YOUR GOAL: A faithful, word-for-word copy of the data below is required, without pictures.
Segment Start: SUPPLIED INFORMATION
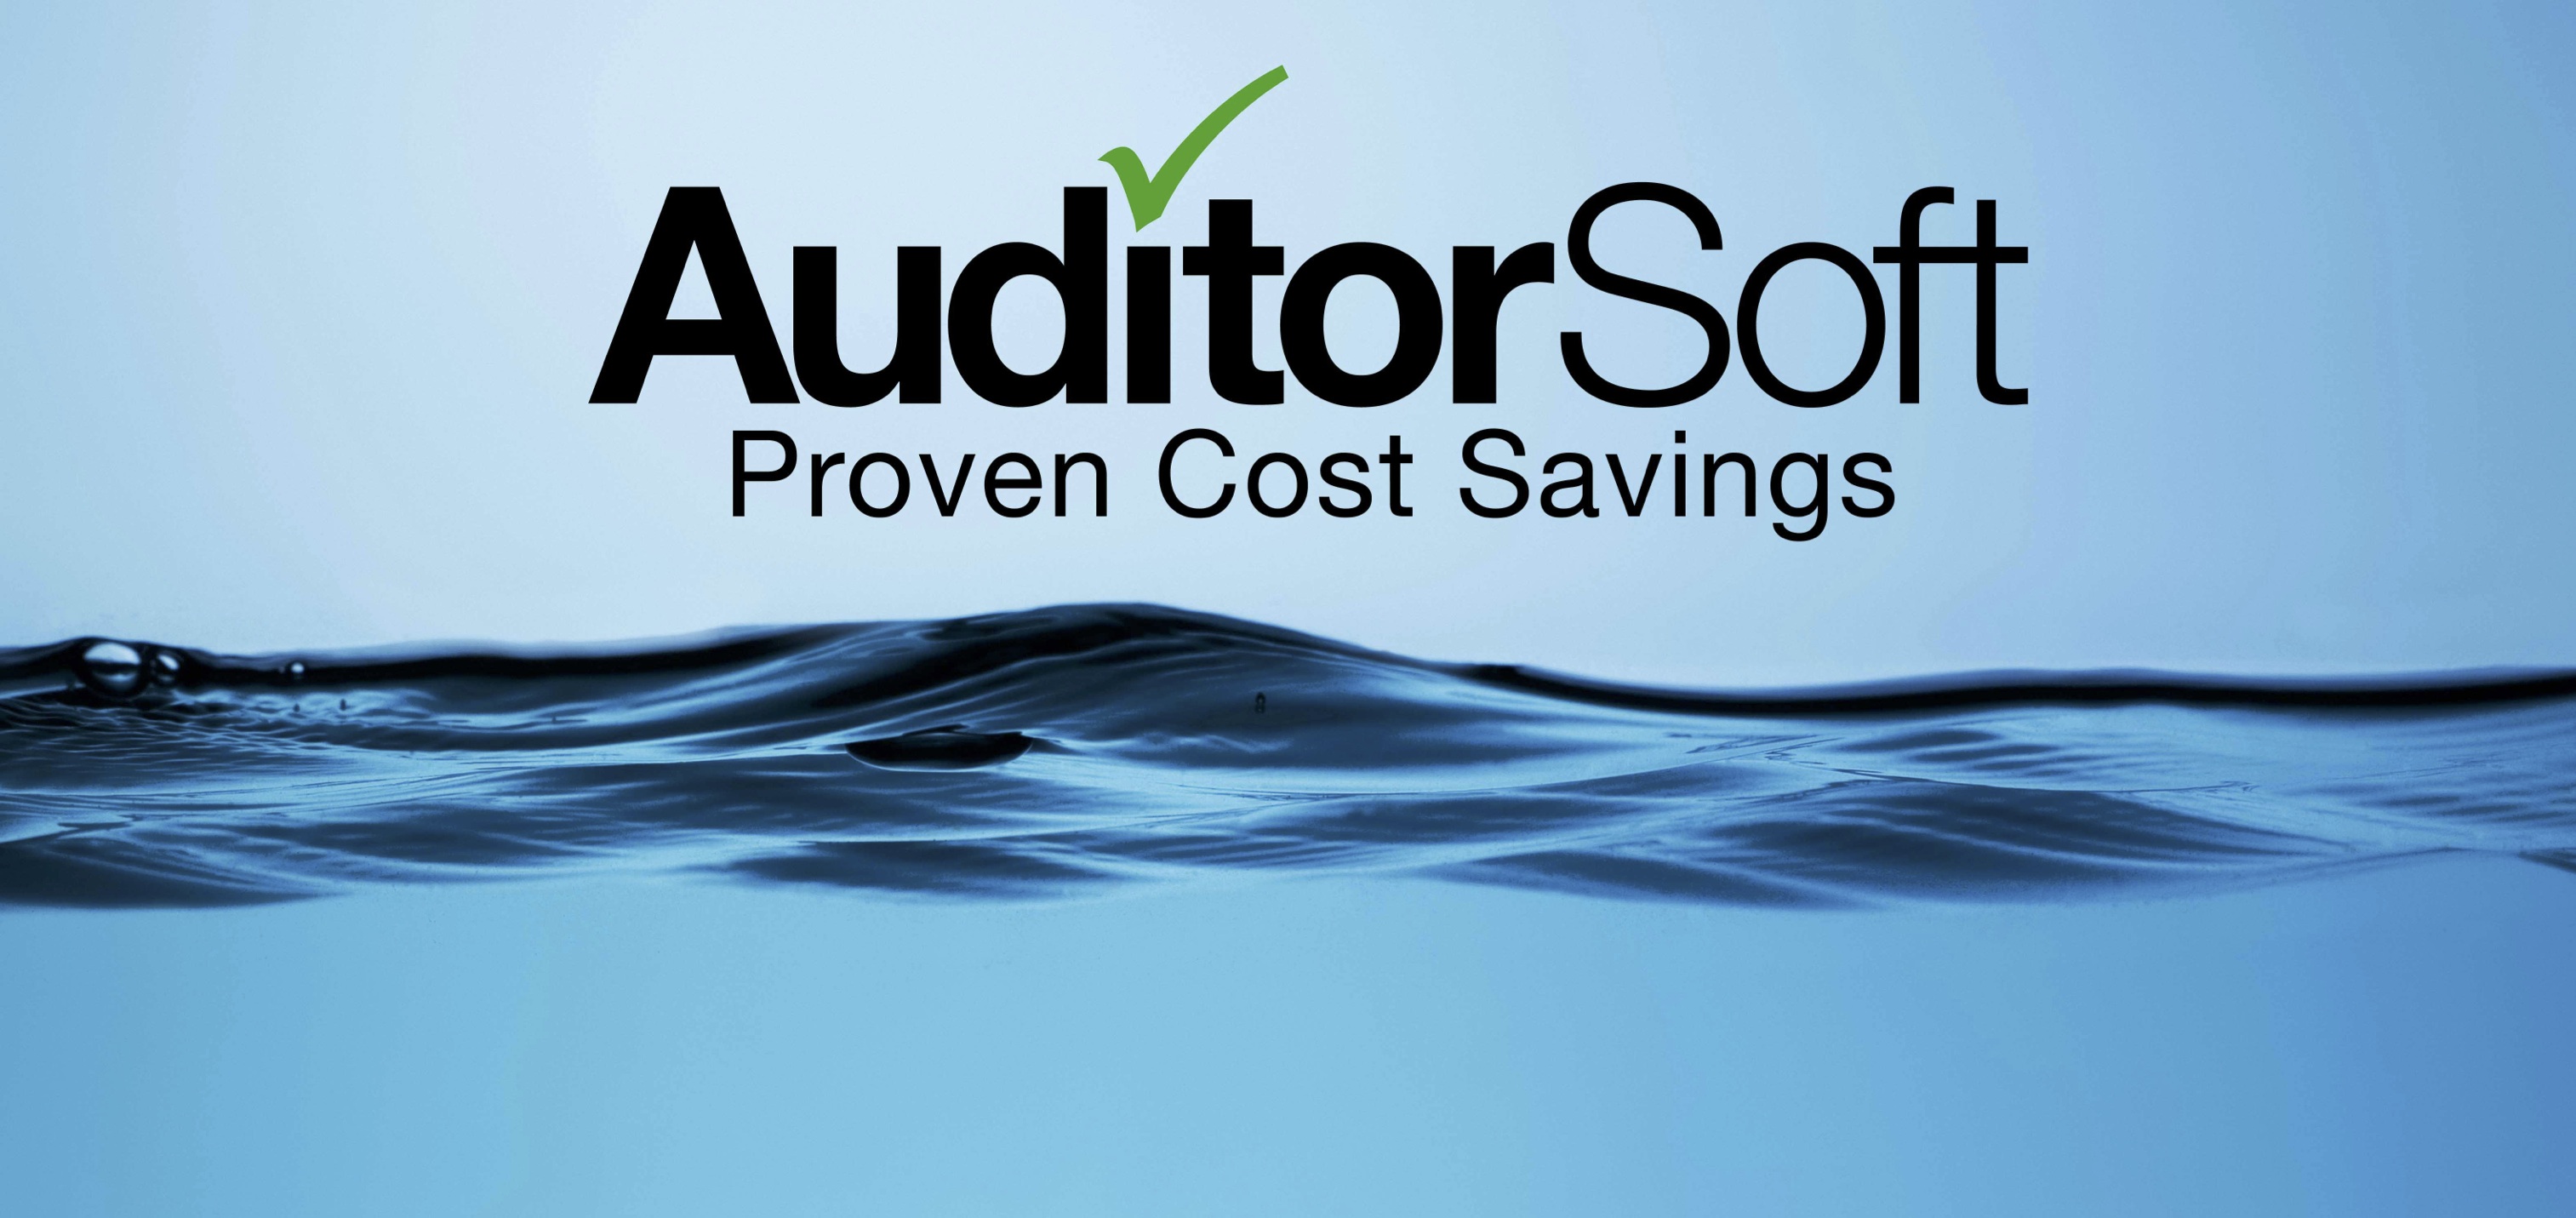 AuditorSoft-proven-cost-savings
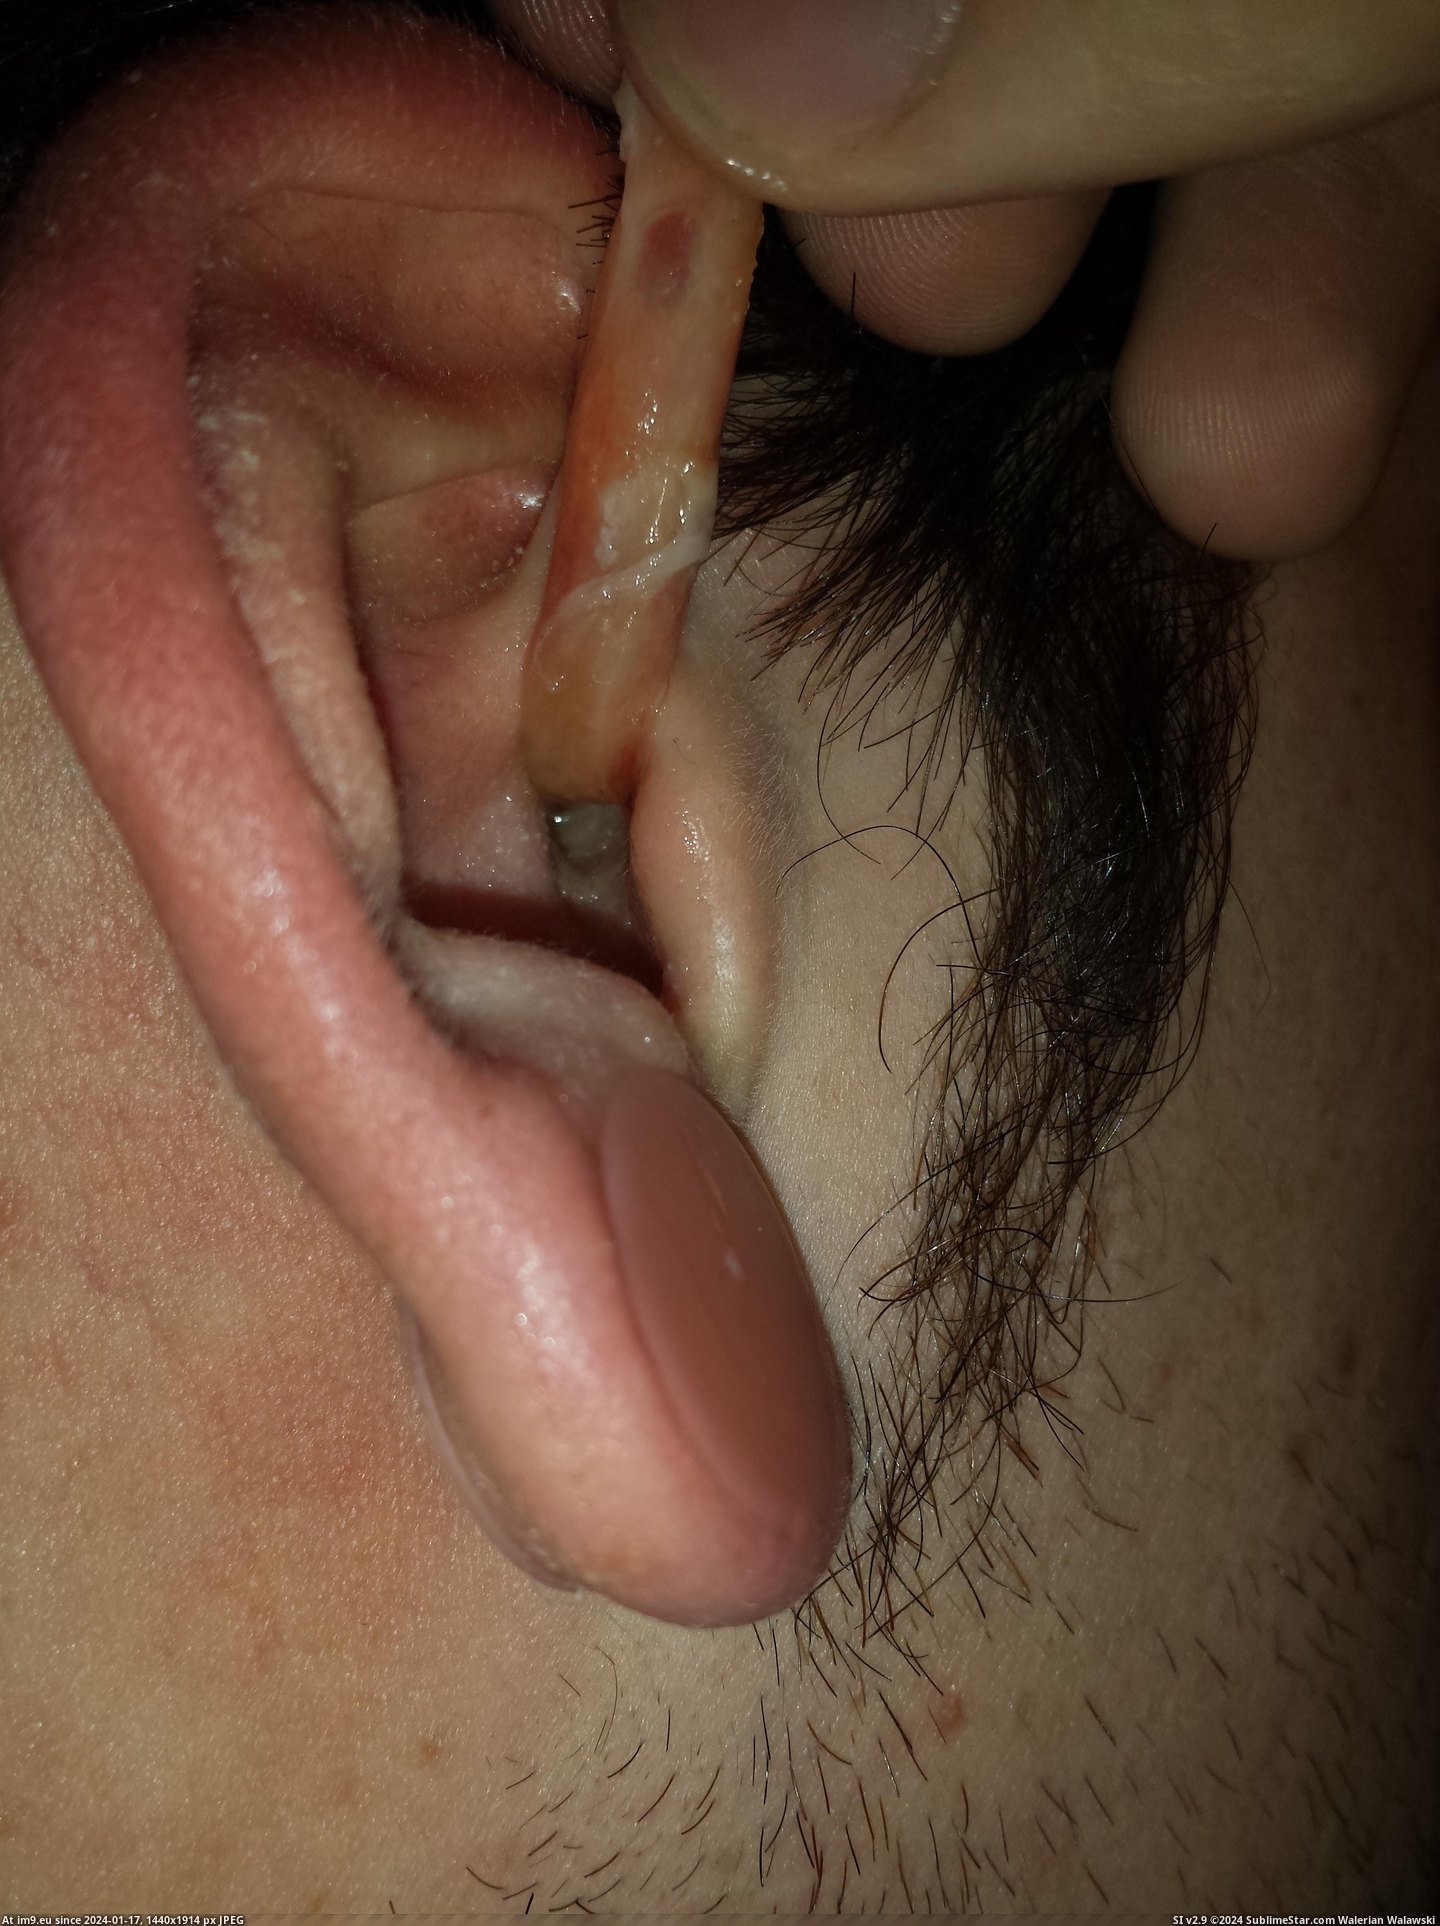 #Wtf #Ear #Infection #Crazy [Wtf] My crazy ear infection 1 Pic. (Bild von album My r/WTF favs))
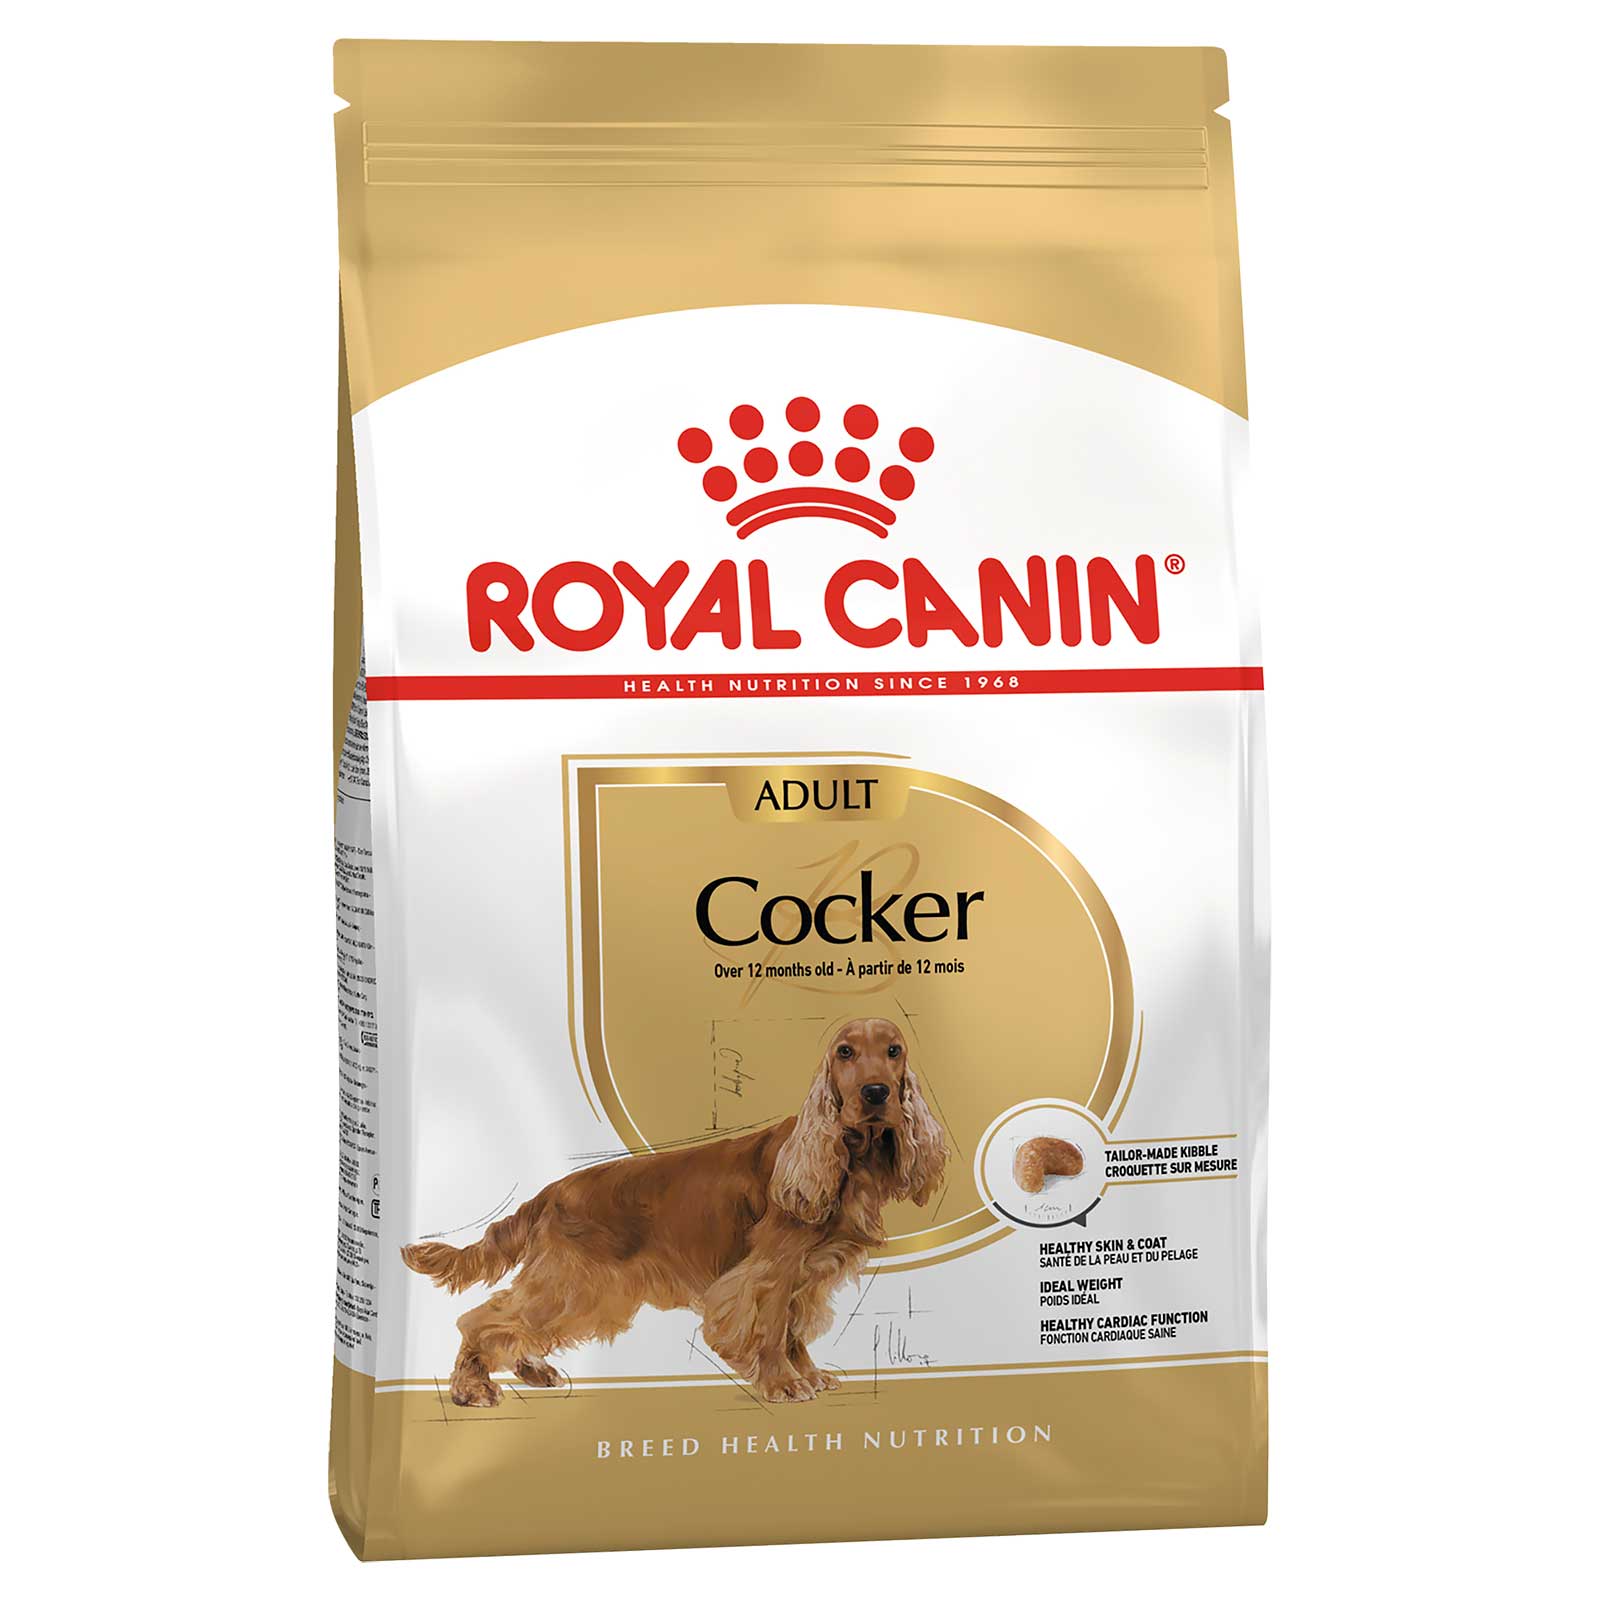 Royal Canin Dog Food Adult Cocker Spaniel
Segment End: SUPPLIED INFORMATION
ANSWER TO THE EXERCISE:
 AuditorSoft-proven-cost-savings
 #Wtf #Ear #Infection #Crazy [Wtf] My crazy ear infection 1 Pic. (Bild von album My r/WTF favs))
 Royal Canin Dog Food Adult Cocker Spaniel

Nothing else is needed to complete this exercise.